On the other side, countries like France, whose banks are the most exposed to Greece, and the E.C.B., which has been a buyer of last resort for Greek sovereign debt, are afraid of anything that smacks of default. Such a “credit event” could lead to damaging losses for banks and a freezing up of the global credit markets, such as followed the Lehman bankruptcy in 2008. To stave off an imminent default, Greece needs to get the next installment of the €110 billion, or $155 billion, loan package it received a year ago released soon. That amounts to €12 billion.

Further out, Greece is going to need another bailout - estimated at up to €60 billion - because it won’t be able to return to the markets next year as initially planned. E.U. and I.M.F. officials have expressed confidence that an agreement to release the €12 billion could be made at a meeting of euro group finance ministers on Sunday night in Luxembourg, while the question of a second rescue package could be put off until July.

But politically, any new rescue package depends on Greece pushing through additional savings to close a widening budget gap, a demand that provoked a government crisis in the country this week.
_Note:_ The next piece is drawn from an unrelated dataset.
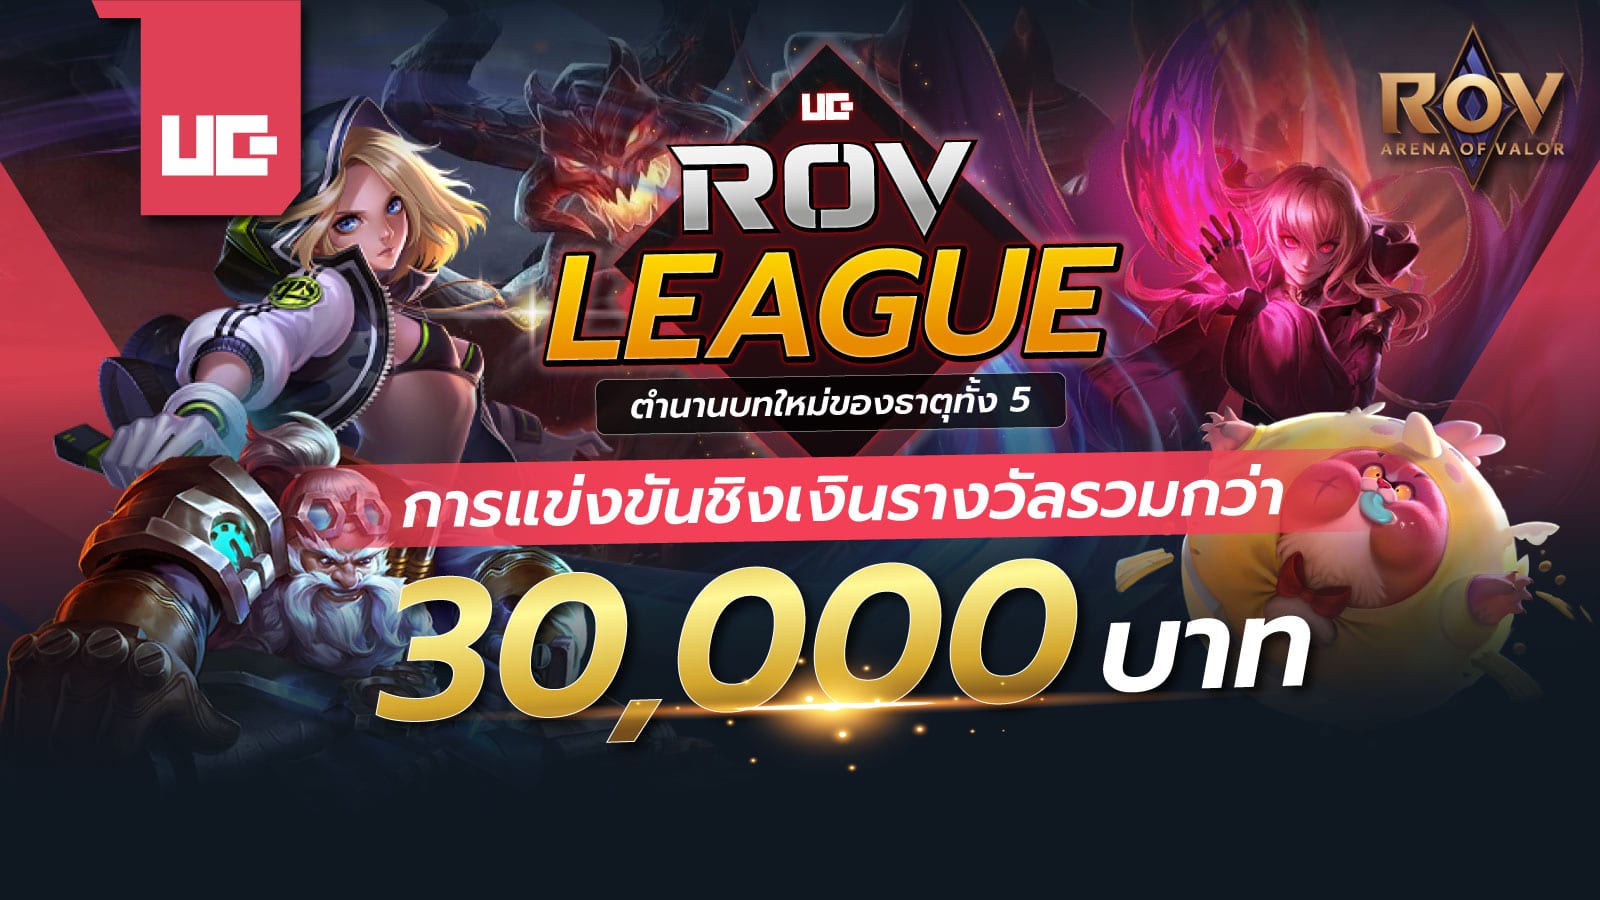 UG ROV League การแข่งขันชิงเงินรางวัลรวมกว่า 30,000 บาท

Another issue that will need to be resolved Sunday is the source of the funding for a second Greek bailout. Britain, which does not use the euro, was involved to a limited extent in an E.U. fund that financed Portugal’s bailout earlier this year. It is insisting that it does not want to take part this time.

That is a political problem for Germany because its Parliament has called for the same fund to be used again, in addition to a newer, euro-zone-only, fund. The leaders of Germany and France, the two biggest countries in the euro zone, meet regularly and are often accused by their E.U. partners of cooking up deals ahead of important summit meetings. They did that last October in the seaside French resort of Deauville. Germany had wanted automatic sanctions on countries that run up high budget deficits, but it accepted softer ones in exchange for agreement by Paris on involving private creditors in the permanent rescue mechanism that takes effect in 2013.